What a great metaphor! When we relax and allow God to refocus the eyes of our heart, a new image clearly emerges. Things may be confusing at first—blurry—but soon the events and circumstances of our life don’t seem so random, and instead of asking why, we are left asking how. Instead of crying out to God for answers, we cry out to God for wisdom and direction.

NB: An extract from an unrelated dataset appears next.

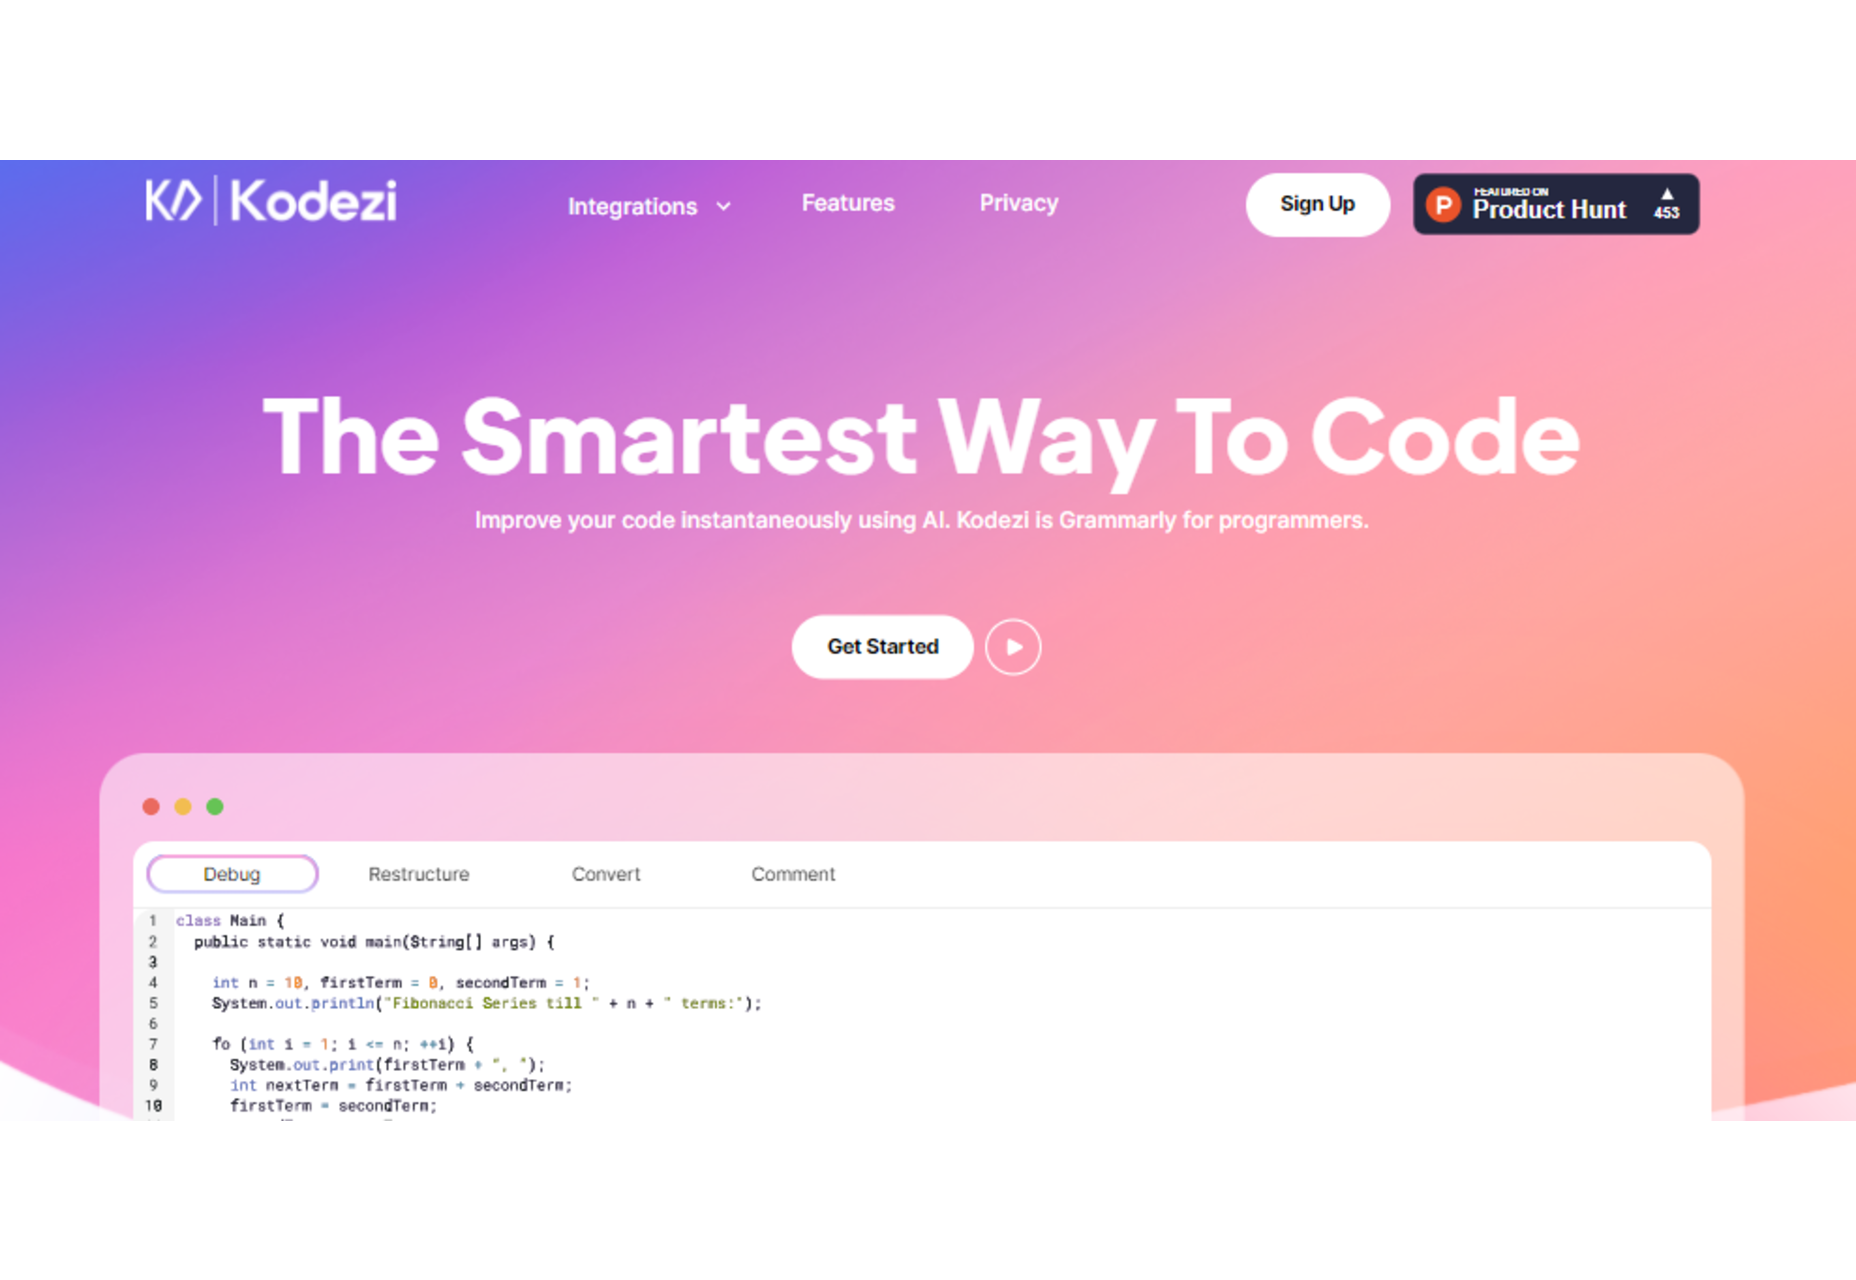 Kodezi grammarly for programming

During my season of refocusing on Griffyn’s diagnosis, God gave me this verse: “I tell you the truth, unless a kernel of wheat falls to the ground and dies, it remains only a single seed.  But if it dies, it produces many seeds.”  (John 12:24) Once I let go of the child I thought I had, the one I’d created in my own imagination, I could open myself to so many new possibilities. God has so many riches in store for those who are willing let their own agendas die and trust Him for the harvest.

Jenni Stahlmann

Jenni Stahlmann is the mom of six kids (ages 4 to 18) with #7 due in August and one on the autism spectrum. She and her husband Matthew homeschool the whole brood. Jenni has been a journalist for more than 20 years, having covered government, business and family issues for a wide range of magazines and newspapers. Currently, she and Jody co-host a weekly syndicated radio show, write a weekly newspaper column and freelance articles and speak at churches, political groups and homeschool conventions about parenting on purpose.